There are a lot of reasons why it seems odd to celebrate Thanksgiving this year. Not only does it seem that we just finished summer, but also in regards to what is going on in our world. We have witnessed tropical storms, earthquakes, terrorist acts and so many instances of suffering. For those who face challenges in their personal life, it just doesn’t seem to make sense to be giving thanks. For those who have been spared these particular difficulties, we wonder if it is appropriate to celebrate with so much suffering.

Yet, even when we live in a world of terrorism, crime, injustice and suffering, we can still give thanks because of the God who is sovereignly over all this.

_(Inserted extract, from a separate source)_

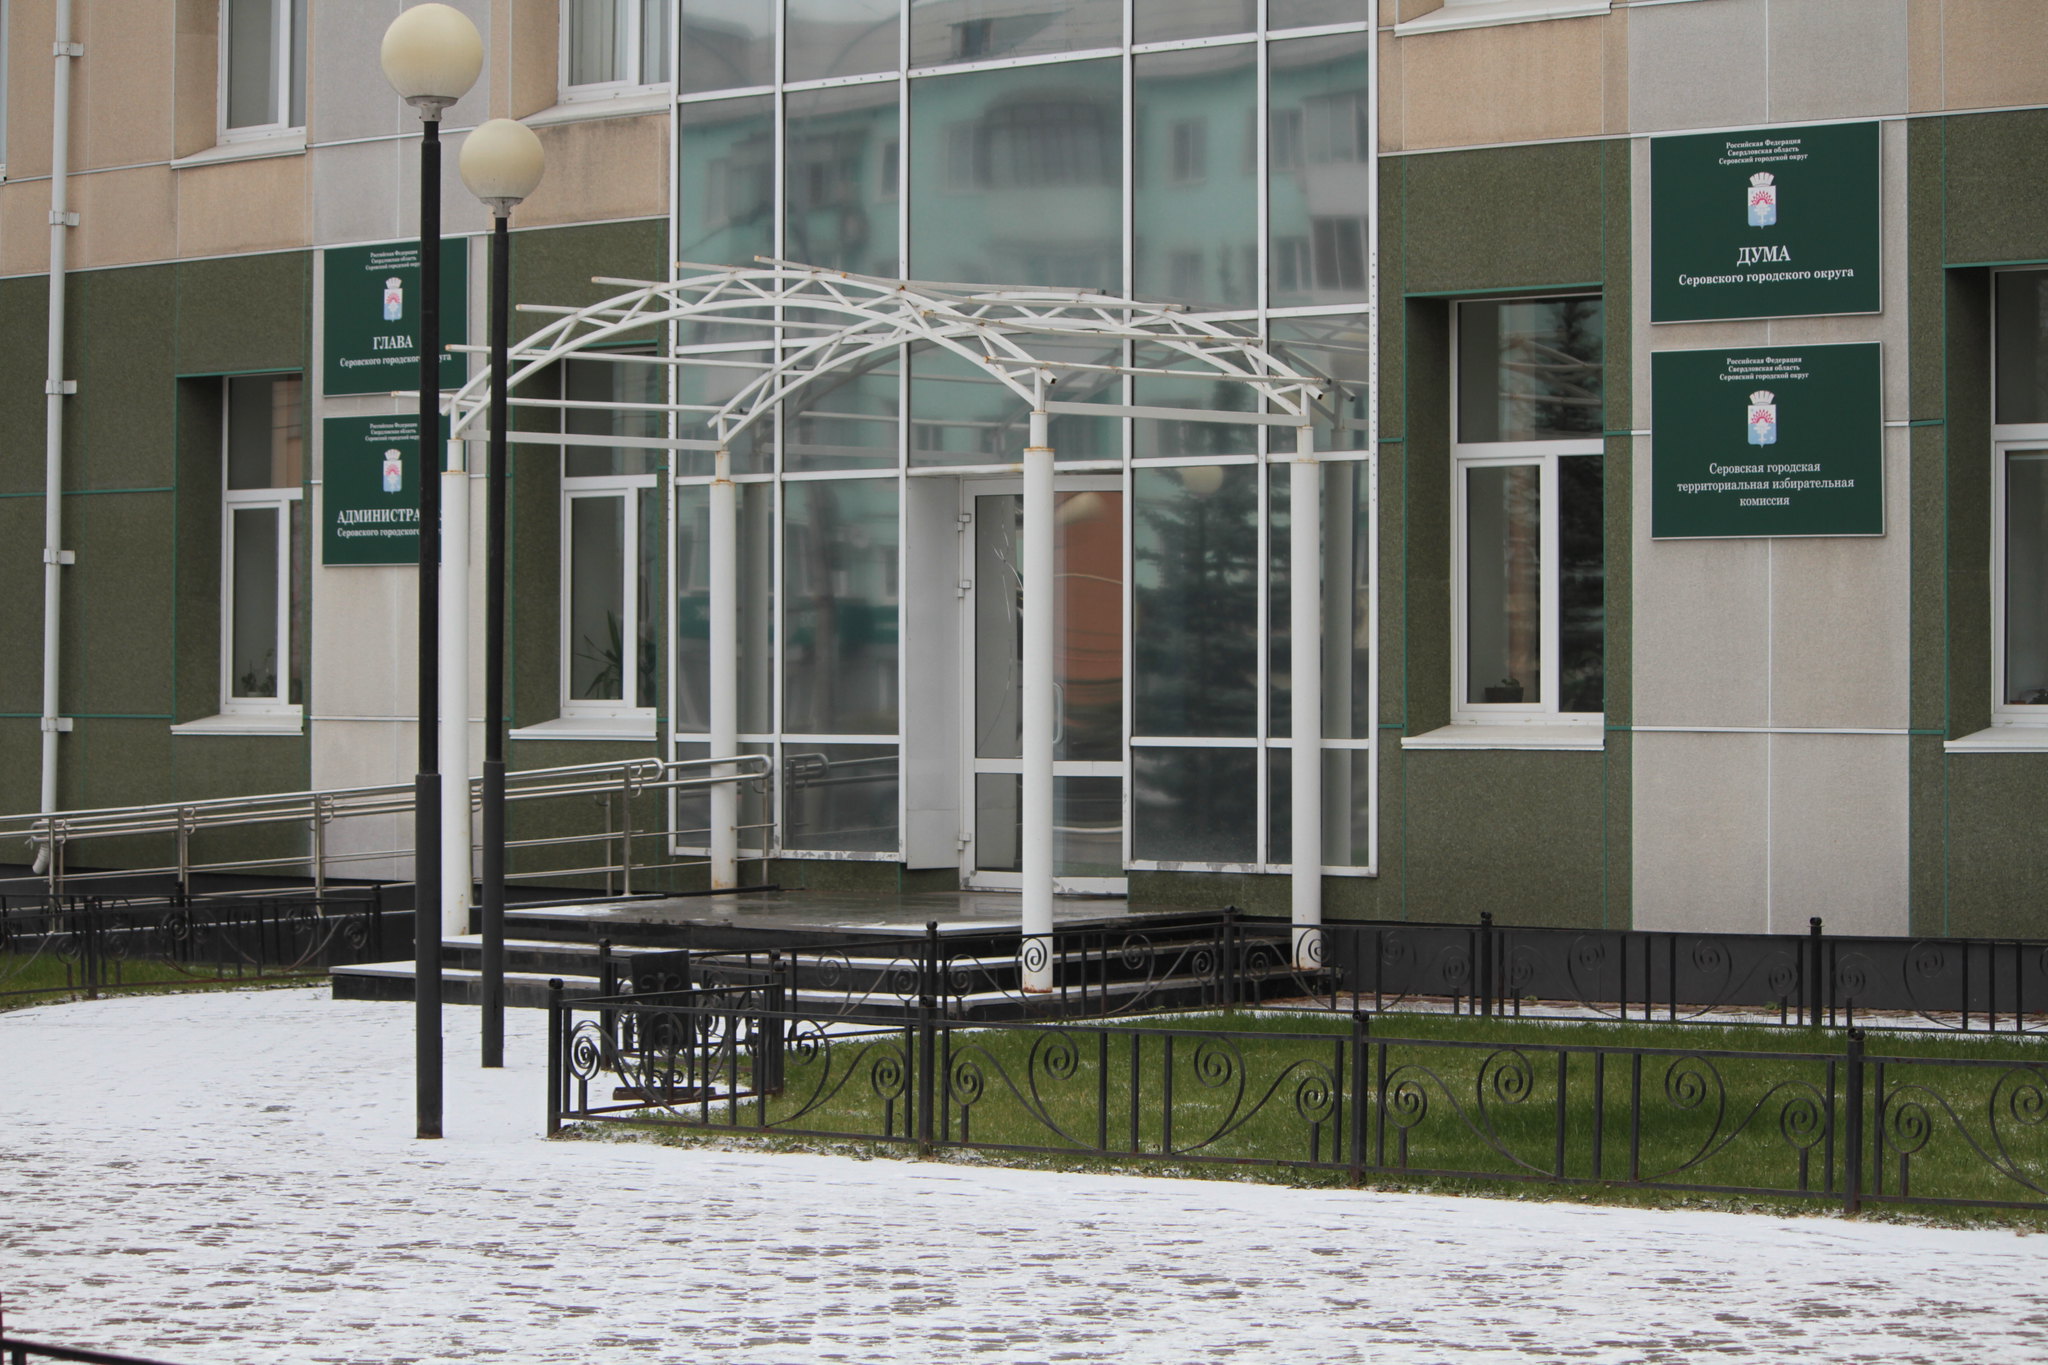 Общественная палата Серова планирует закрыть вход на заседание

He can be praised because He is righteous and just. At the end of Psalm 74, the appeal has been made for God to rise up and defend his own cause (Ps. 74:22–23). In Psalm 75 the theme of judgment occurs, even in the midst of giving thanks There is no certain indication within the psalm of the historical setting, though the use of ‘Do Not Destroy’ in the title suggests it was composed in a period of impending danger for God’s people. The most probable date is the Assyrian siege of 701 BC. The language of this psalm borrows from earlier songs, especially the song of Hannah (1 Sam. 2:1–10). Authorship of this psalm is attributed to Asaph, a chief musician in Solomon’s temple (2 Chr. 5:12). It may come from him or from a guild of singers named after him. Commentators identify the form as a hymn of praise, or a mixed form of praise and prophecy or a prophetic liturgy. It seems unnecessary to speak of mixed forms, however, when God addresses those who address Him (Williams, D., & Ogilvie, L. J. (1989). Psalms 73–150 (Vol. 14, p. 33). Nashville, TN: Thomas Nelson Inc.)..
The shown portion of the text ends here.